Thyroid Conditions Flashcards
What are differentiated thyroid cancer?
Differentiated thyroid cancer (DTC) refers to papillary and follicular variants
Who is affected by DCTs?
Can affect any age group - childhood to elderly.
In females, rates increase from 15-40 then plateaus
In males, rates steadily increase with age
Are DCTs associated with any diet or lifestyle risk factors?
- Not associated with diet, other proven malignancies, family history, smoking or other lifestyle factors
- Other than clusters associated with nuclear incidence, the overall incidence is constant at present
What is papillary carcinoma?
- Derived from follicular epithelium
- Associated with Hashimoto’s
- Associated with ionising radiation
What are the genetic associations with papillary carcinoma?
- Activation of MAP kinase pathway
- Rearrangements of RET or NTKR1
- Activating point mutation in BRAF
- Mutation of ras
What is follicular carcinoma?
- Derived from follicular epithelium
- Higher incidence in females
- Higher incidence at 40-50 years
- Incidence slightly higher in regions of iodine deficiency
What are the genetic associations with follicular carcinoma?

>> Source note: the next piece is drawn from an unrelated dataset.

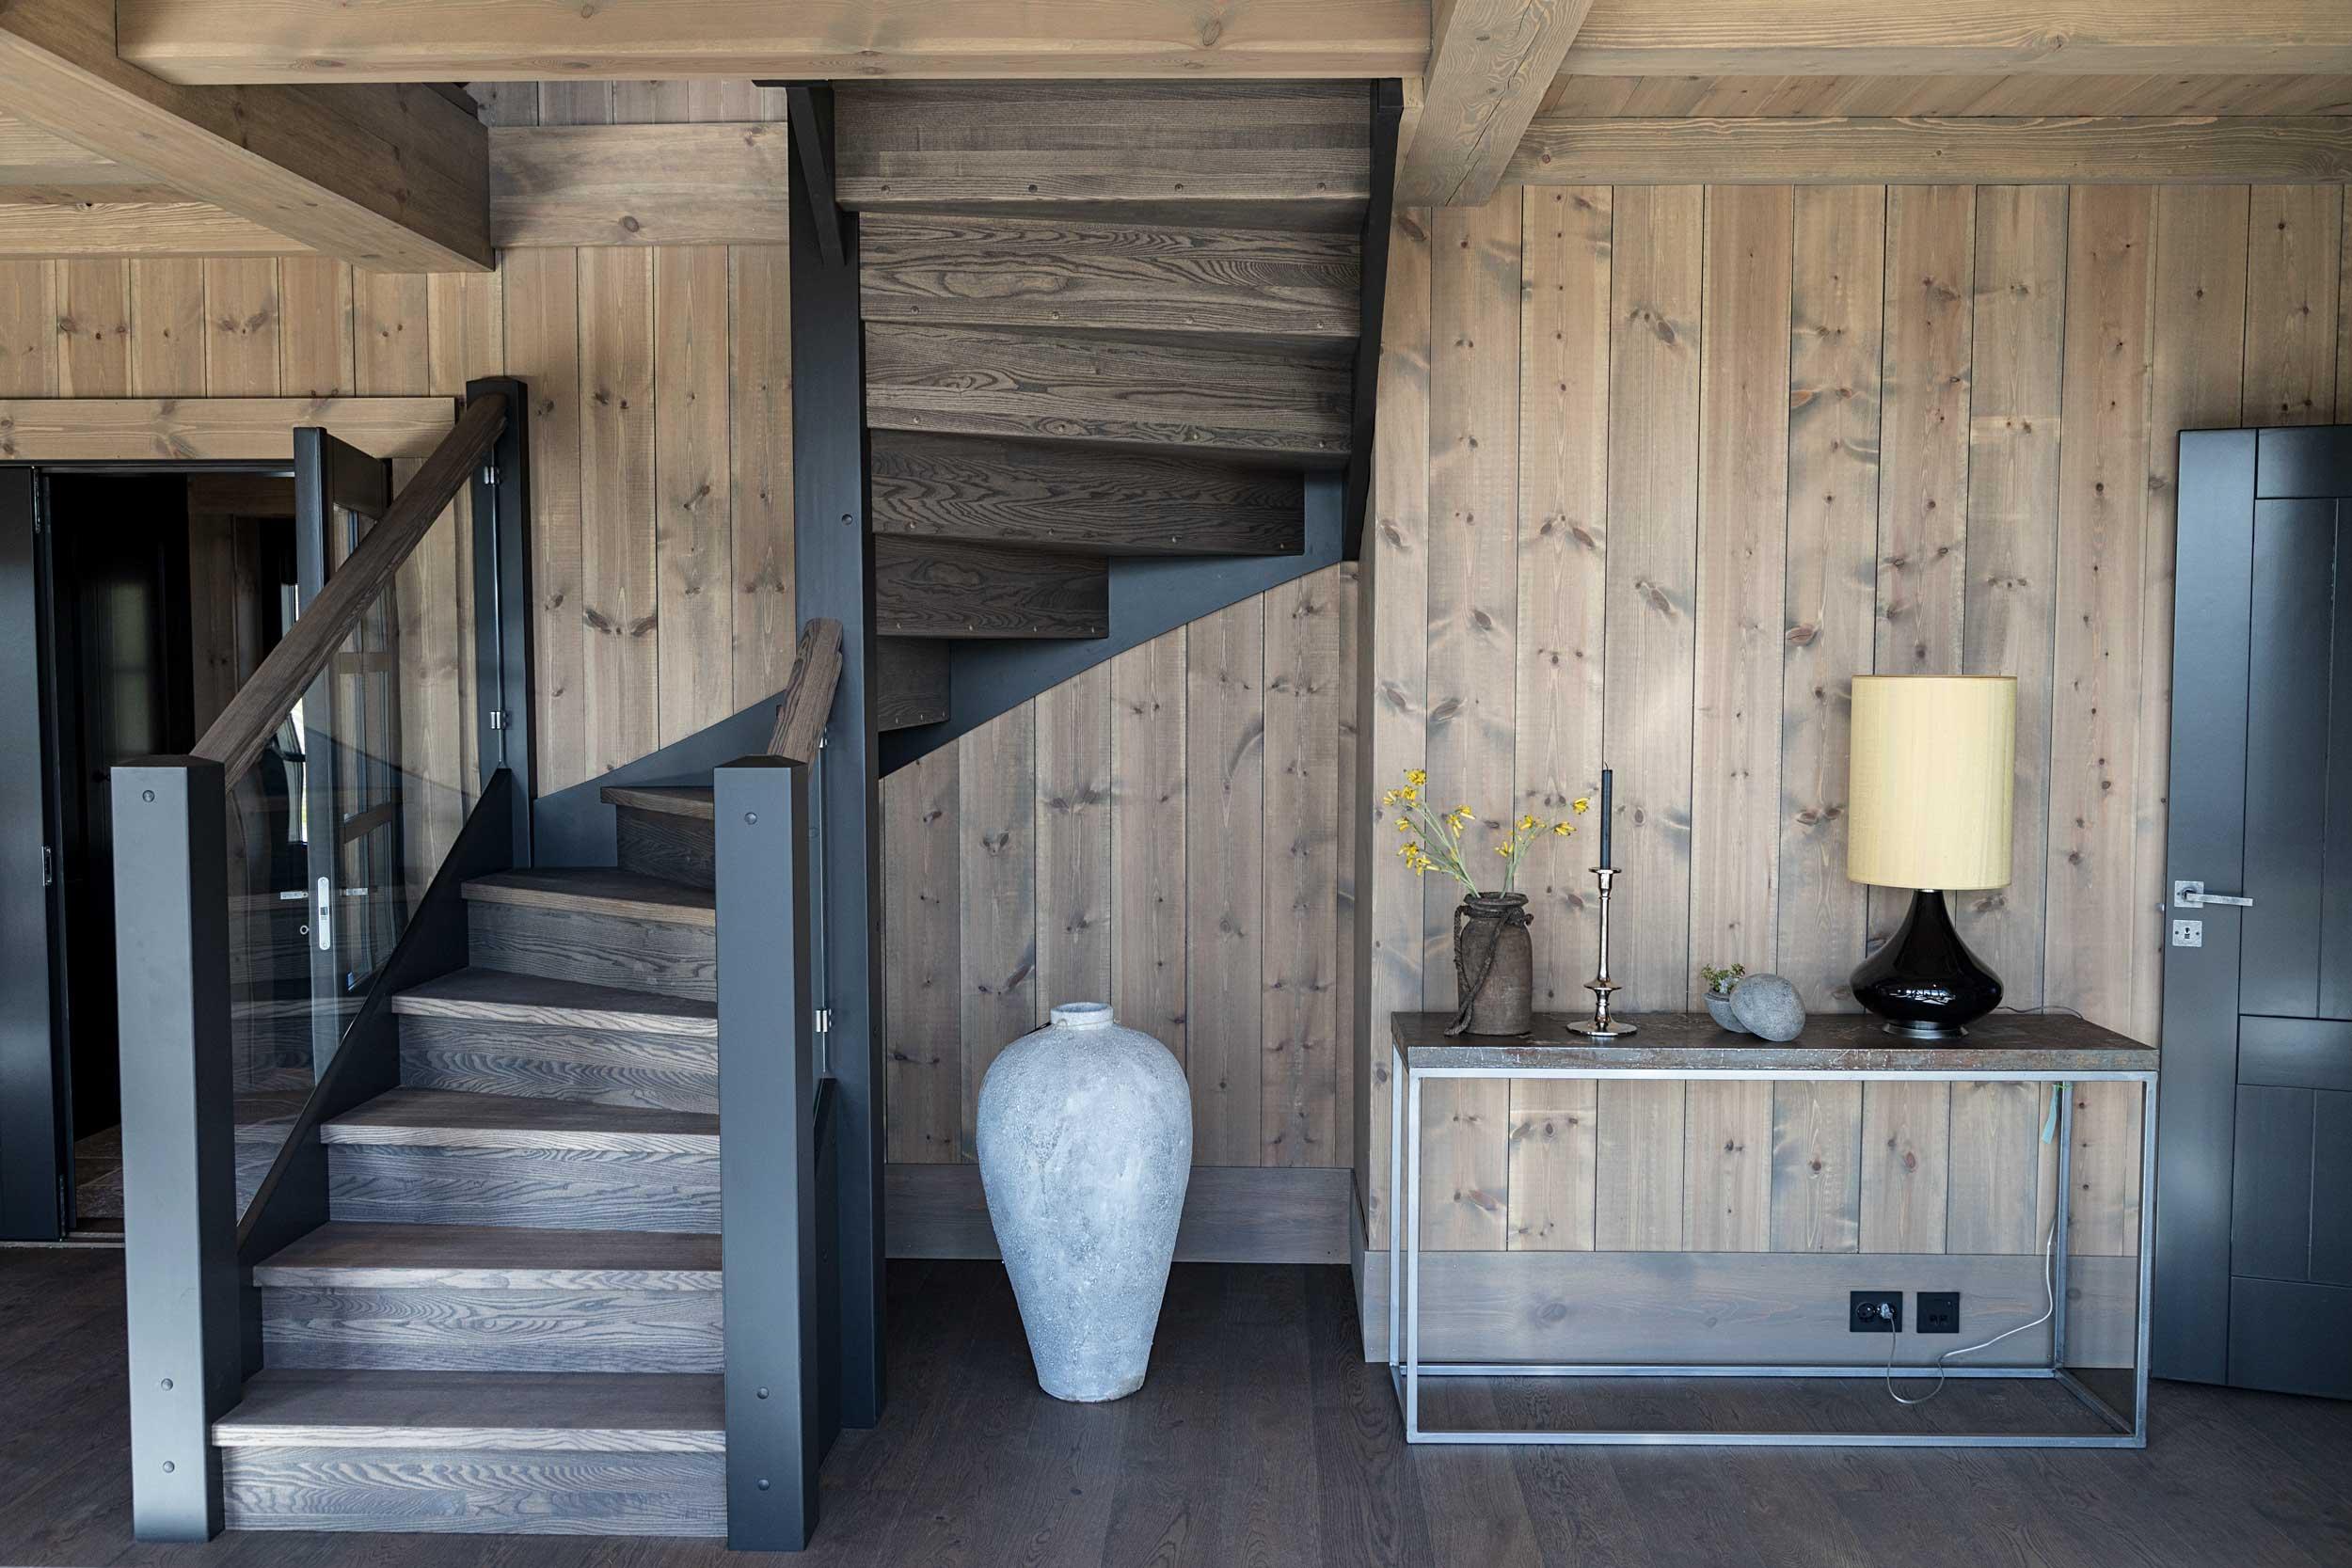 Moderne trapp i nydelig stue i fjellhytte med beisede trevegger, bygget av Geilo Laft.

- Mutations in PI3K/AKT pathway
- Mutations in ras family
- Translocation involving Pax8 and PPAR𝛾1
Describe the histology of papillary carcinoma.
- Can be multifocal
- Often cystic
- May be calcified - psammoma bodies
Describe the histology of follicular carcinoma.
- Diagnosis depends on invasion of the capsule or vascular invasion
- Classed as minimally invasive or widely invasive
- Widely invasive: more solid architecture, less follicular architecture, more mitotic activity
- Minimally invasive: (most common) follicular architecture (well differentiated), may have part surrounding capsule, difficult to distinguish from adenoma
What does this histology slide indicate?
Papillary Carcinoma
What does this histology slide indicate?
Follicular Carcinoma
Describe the spread of papillary carcinoma
- Papillary carcinomas tend to spread via lymphatics e.g. cervical lymph node metastases
- Haematogenous spread is uncommon but if occurs spread is usually to the lung, bone, liver and brain
Describe the spread of follicular carcinoma.
- Rarely lymphatic spread, propensity for haematogenous spread (bones, lungs, liver)
- Uncommon to have multicentric disease
What is the typical presentation of DTCs?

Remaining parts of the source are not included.